2.10 ΔRR protected neurons retain functional integrity
A major limitation of various neuroprotective strategies is that prevention of neuronal cell death does not correlate with retention of normal synaptic physiology (Dumas et al., 2000; Spencer et al., 2001). To determine whether neurons that survive KA-induced cell death due to ΔRR infection retain functional integrity, the amplitude of field excitatory postsynaptic potentials (fEPSP) was recorded in stratum radiatum of area CA3 in response to dentate gyrus stimulation.
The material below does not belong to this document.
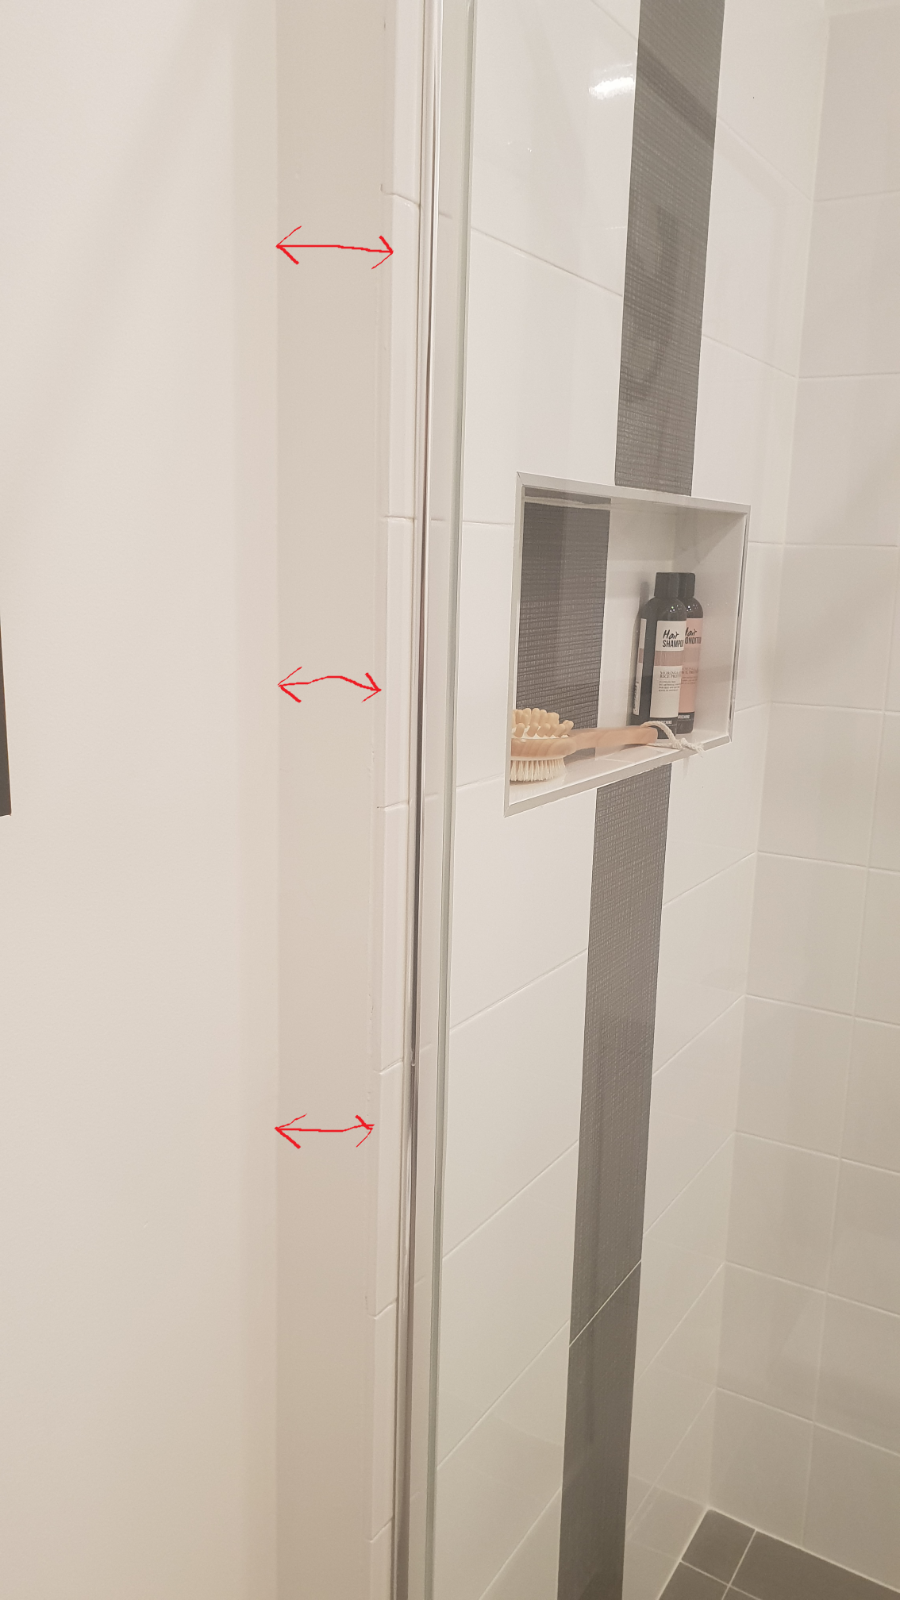 Recessed shower niche

OHC were exposed to ΔRR on the same day as KA (3 µM; 24 hrs) and fEPSP recordings were taken 3 days later. We also measured paired pulse ratios, using paired stimuli delivered with an interstimulus interval of 65ms, in order to assay neurotransmitter release probability. As shown in Fig 9, both the amplitude of the responses and their paired-pulse ratios, in the ΔRR infected cultures were indistinguishable from uninfected cultures, whereas it was impossible to elicit any detectable fEPSPs in OHC treated with KA alone. The data indicate that neurons surviving KA-induced cell death through ΔRR infection retain synaptic function.
3. DISCUSSION
We have previously shown that the HSV-2 protein ICP10PK has anti-apoptotic activity in virus infected hippocampal cultures (Perkins et al., 2003) and prevents neuronal cell death and KA-induced epileptiform seizures in amimal models through infection with a growth compromised HSV-2 mutant known as ΔRR (Laing et al., 2006). The studies described in this report were designed to examine the mechanism of neuroprotection from KA-induced cell death. The salient features of the data are the observations that neuronal survival is through activation of the MEK/ERK and PI3-K/Akt pathways and the surviving neurons retain synaptic function. The following comments seem pertinent with respect to these findings.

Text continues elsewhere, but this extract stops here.